• [Assignment]
Please give the listing again in full, leaving out its images.

• [Collected material]

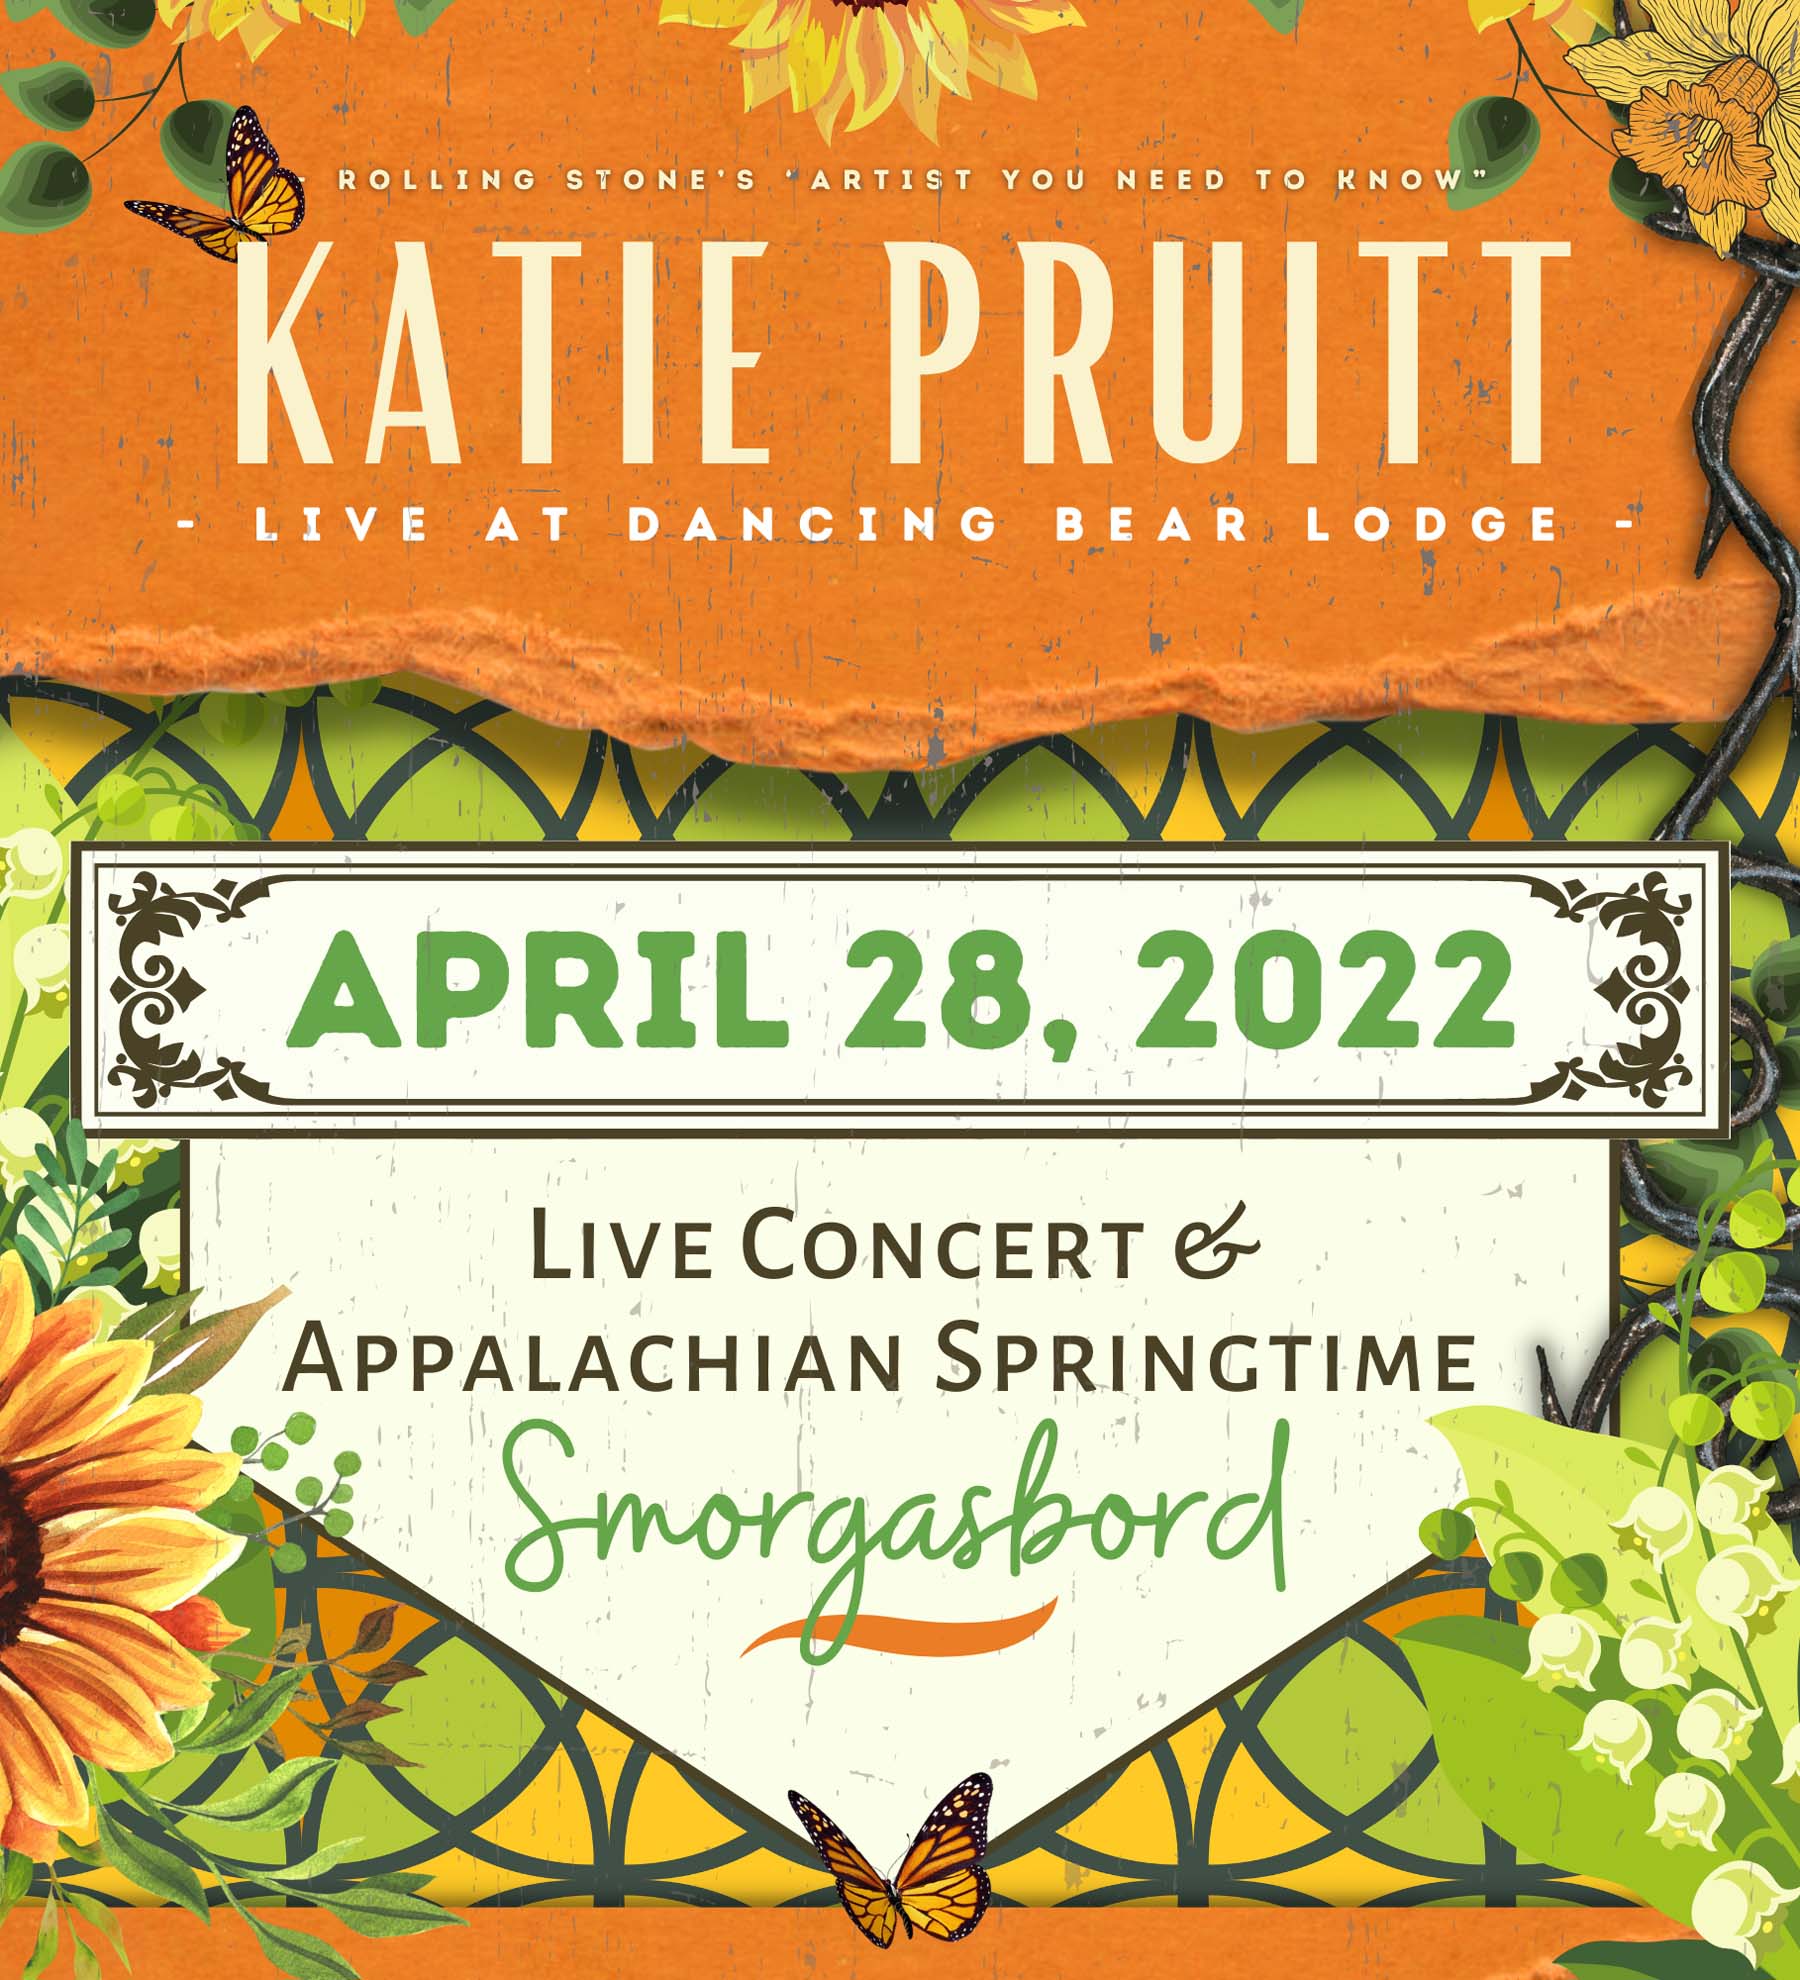 Live Concert and Appalachian Spring Smorgasbord
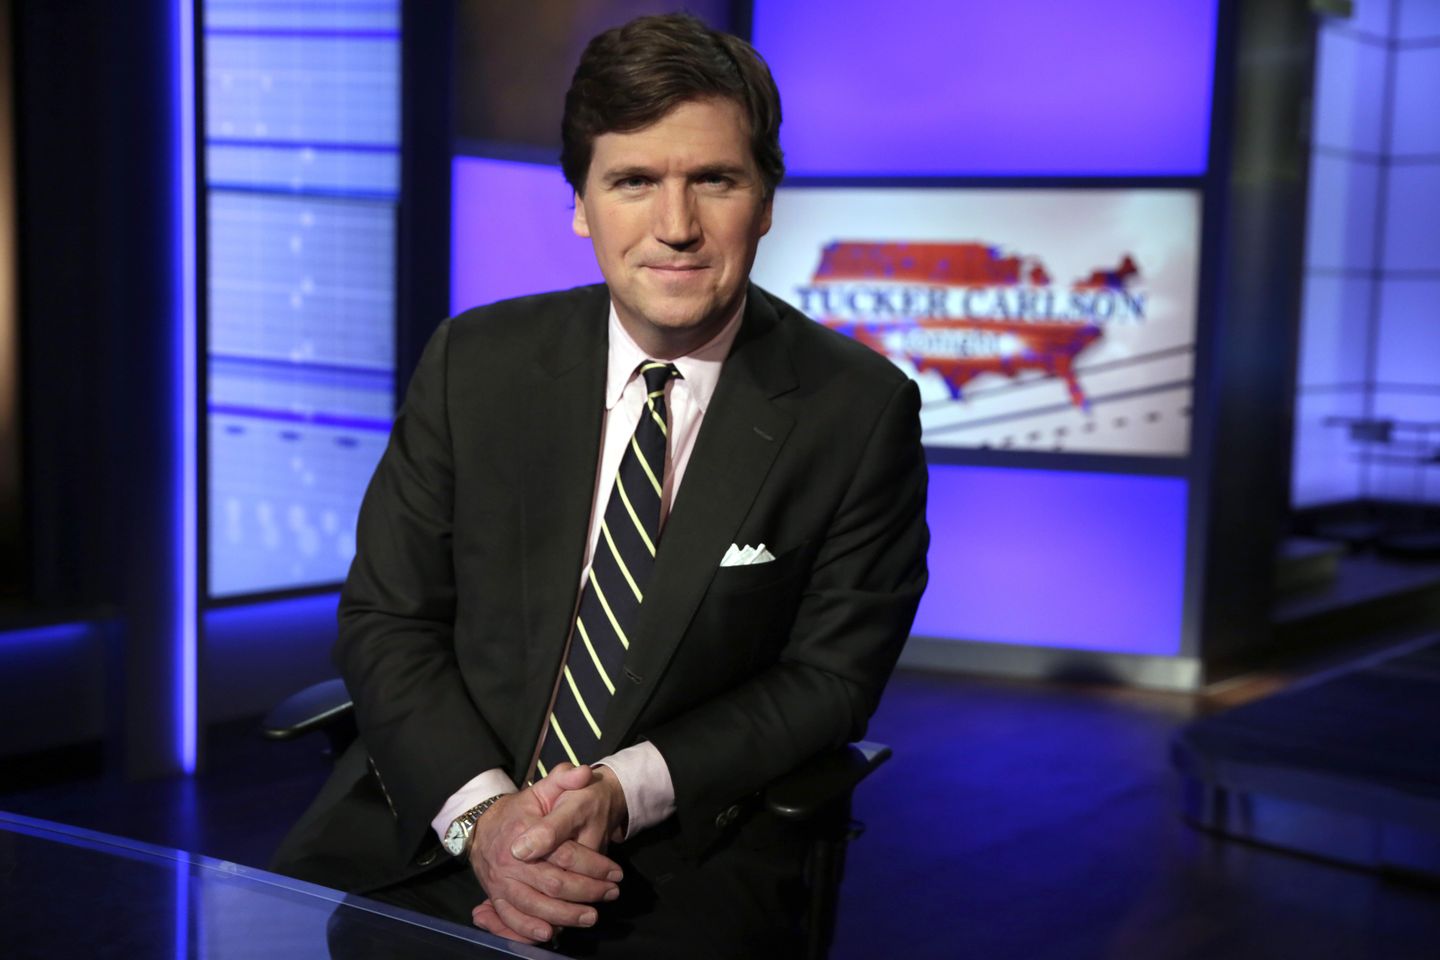 Inside the Beltway: Fox News still the leader at 25
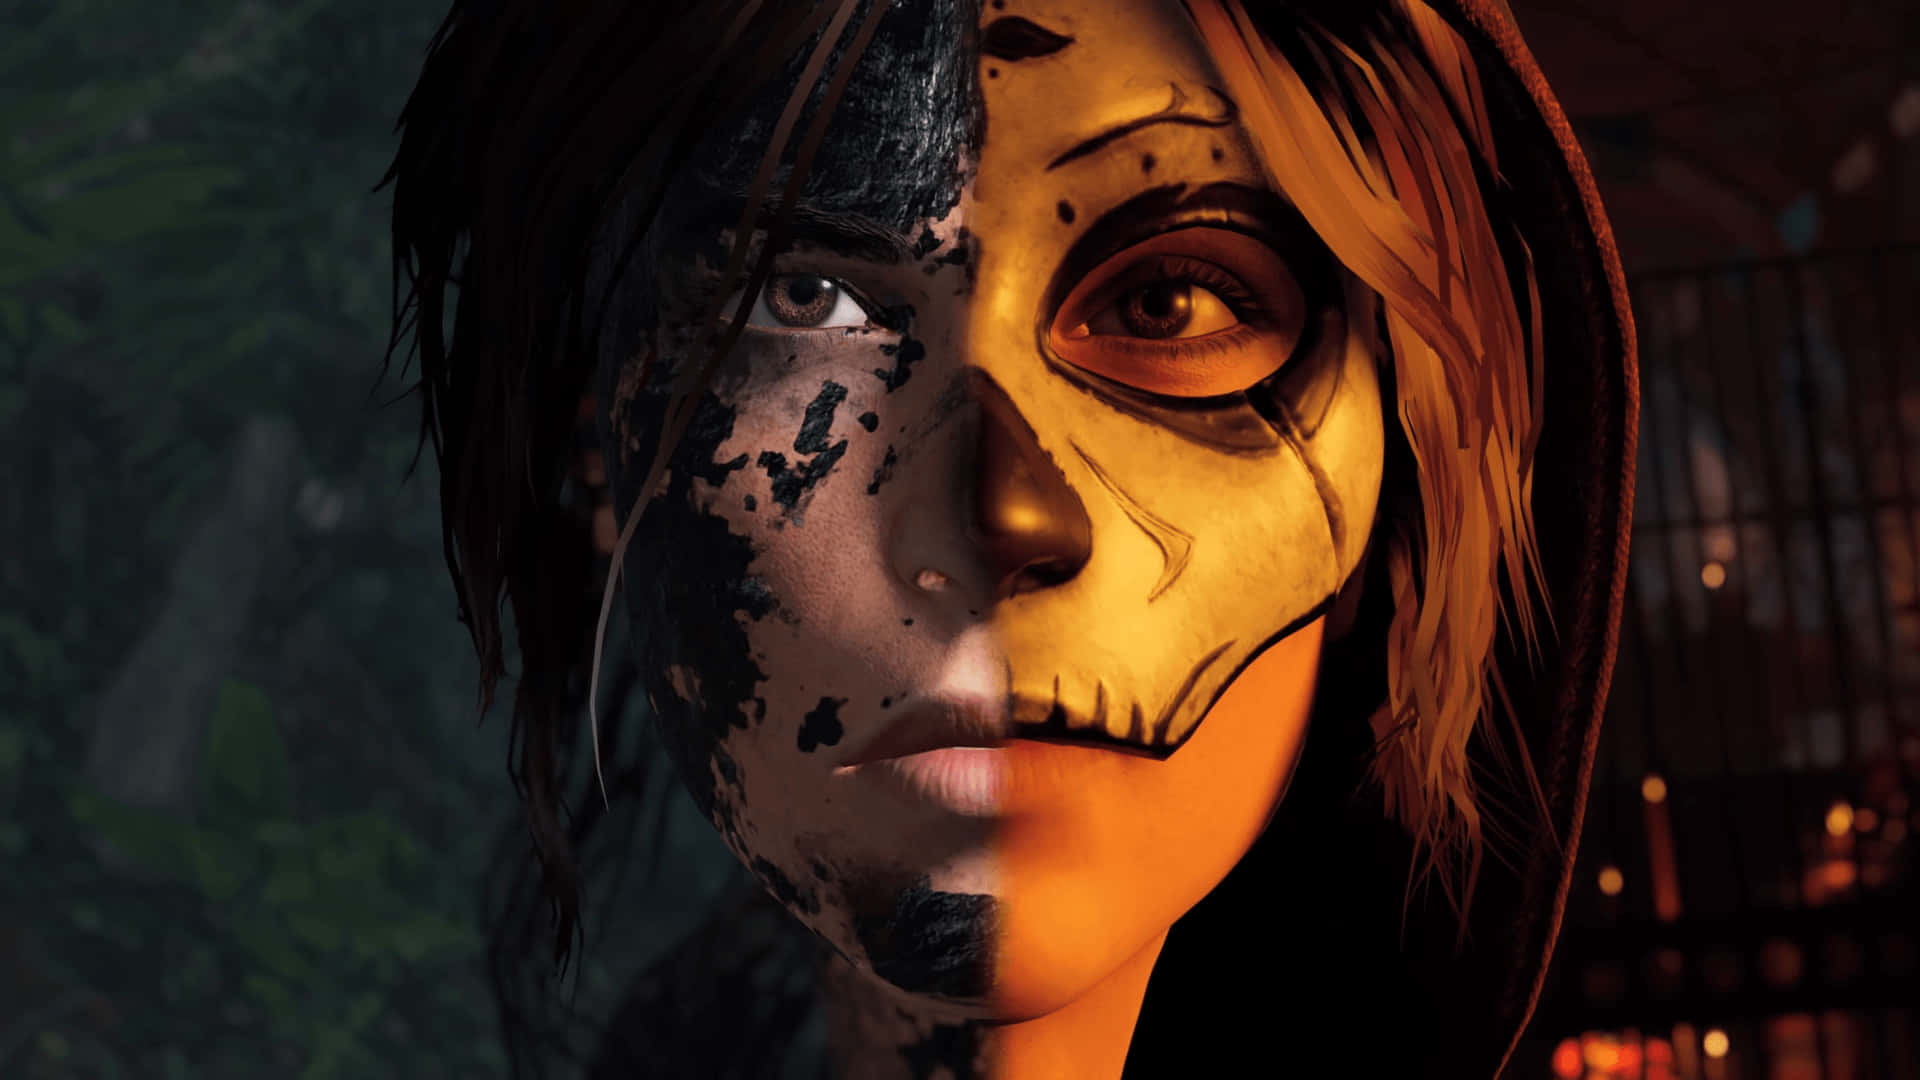 Få en personlig tur gennem Tomb Raider spillet ‘Shadow of the Tomb Raider’ sammen med Lara Croft.

• [Output]
 Live Concert and Appalachian Spring Smorgasbord
 Inside the Beltway: Fox News still the leader at 25
 Få en personlig tur gennem Tomb Raider spillet ‘Shadow of the Tomb Raider’ sammen med Lara Croft.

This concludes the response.